One of the things I like most about bread is its flexibility: you can bake simple every day loaves using almost no equipment.

I have baked flatbreads on a barbecue using nothing but a cast iron pan and a bowl for mixing the ingredients (see our Summer 2014 issue for the full story). I have also mixed doughs with nothing but a bowl and my hands — I don’t think I even had a spoon to mix the ingredients!


This is great when you are just getting started with bread (you don’t need to go shopping for tools to give bread making a shot) or when the bread making itch gets to you in a time and place where you don’t have your tools with you.

But once you go deeper and start looking for the perfect crust and crumb, having the correct set of basic tools makes all the difference. While most of us will not get to bake in a real bakery oven, there are many tools you can have in your home kitchen that will bring your bread making to the next level.

This is why today, I have collected a list of all the bread making equipment I use in my every day baking as I strive to make great bread.

If you have been baking bread for a while, you probably already have most or all of these tools in your inventory, but if you are just getting started, start going through the list from the top, adding tools to your inventory one by one as you progress in your craft.

1. Dough bowl

In addition to a heat source of some kind (most of the time, that would be an oven), a dough bowl is the only tool you really need to bake bread.
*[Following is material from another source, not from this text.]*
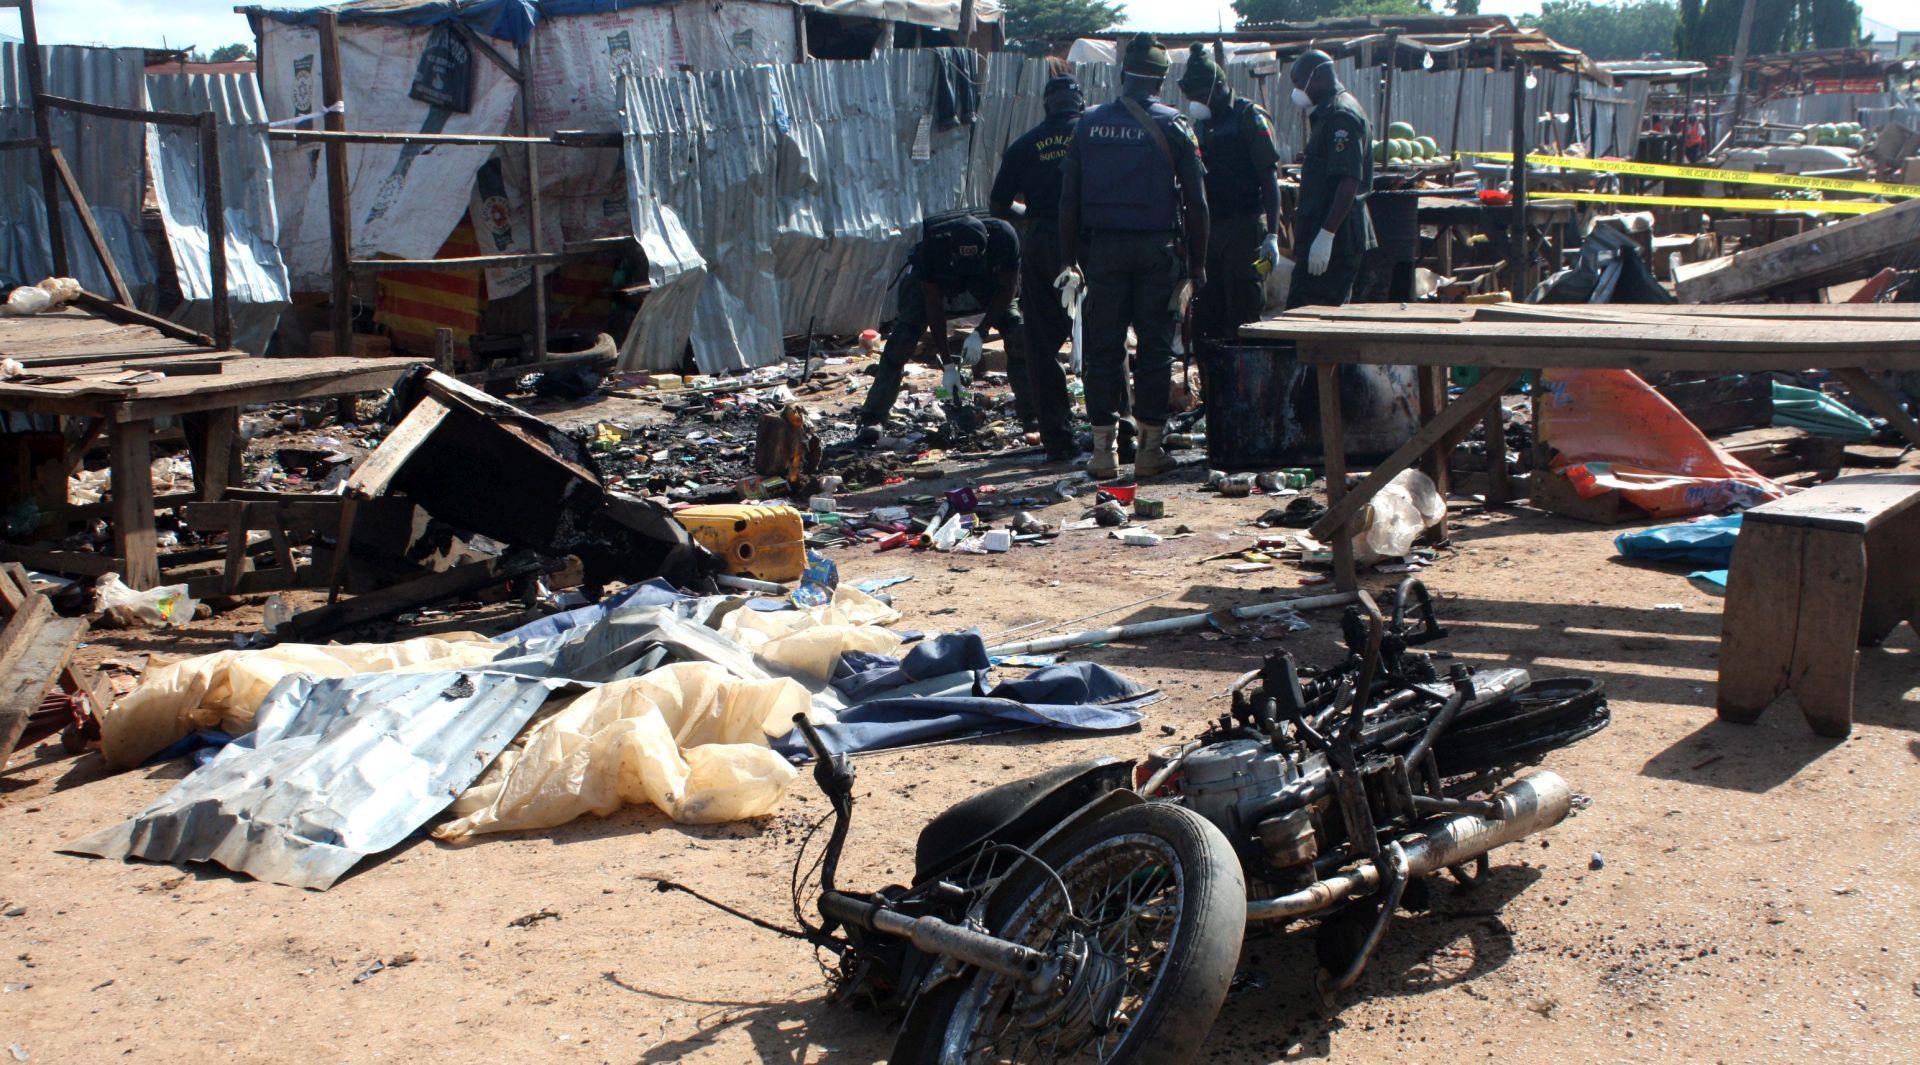 DVA BOMBAŠKA NAPADA Najmanje 37 ljudi poginulo u Nigeriji

Pretty much any bowl will do, but I suggest you go with a round stainless steel one: they are easy to clean, and the roundness helps in mixing the dough when working with a plastic scraper (see below).

I usually proof my dough in the same bowl I mix it in, but I have seen many bakers use a separate plastic container for the step: A square container oiled lightly before placing the dough into it makes it very easy to do stretch and folds during the first rise — and it’s nice to be able to follow the dough development through the sides of the container. That’s why, more and more, I am also transitioning towards this method.

2. Plastic scraper

A plastic scraper is a very simple tool, but also one of the most important.

I first learned about using a plastic scraper in bread making from Richard Bertinet’s book Dough and since I bought myself one from his online store, I have been using it all the time.

In his book, Bertinet calls the scraper an extension of his hand, which is a great assessment of how the tool feels. When mixing the dough, you place the scraper in your right hand (or left, if you are left handed). Then, when you rotate the bowl with your left hand, the scraper almost automatically mixes the dough’s ingredients: with the help of these two simple tools, you have become a human mixer!

I have tried two different kinds of scrapers: some are quite rigid and others more flexible. For my purposes, the rigid one works better — and you can also use it to cut the dough, so I think it’s the one you should go for.

3. Kitchen scale

A kitchen scale is often the first tool new bread bakers find themselves shopping for as the get started.

This is for a good reason.

In bread making, small changes in measures can make a huge difference. So much so that bakers around the world have realized that it’s better to just get rid of the often not so precise volume measures and simply weigh everything. Weighing ingredients also makes the calculations related to bread formulas more straightforward.

Finally, there is the practical reason that most bread recipes in good bread making books are expressed in weights. With all of these reasons, having an accurate kitchen scale in your kitchen is a no-brainer.

Get a digital scale that can be reset to zero in between measures. This way, you can use different bowls without worrying about the bowls’ weights. Or, if you have a steady hand and won’t have to pour ingredients out after measurements, you might even measure them all straight into the one dough bowl…

4. Proofing basket

A proofing basket — also known as banneton or brotform — is a handy tool when making slowly rising bread such as sourdough. The basket helps the bread keep its shape during the long final rest, while also giving a nice texture to its crust.

While not mandatory for making great bread, I recommend that you add a pair or two of these to your bread making tool box.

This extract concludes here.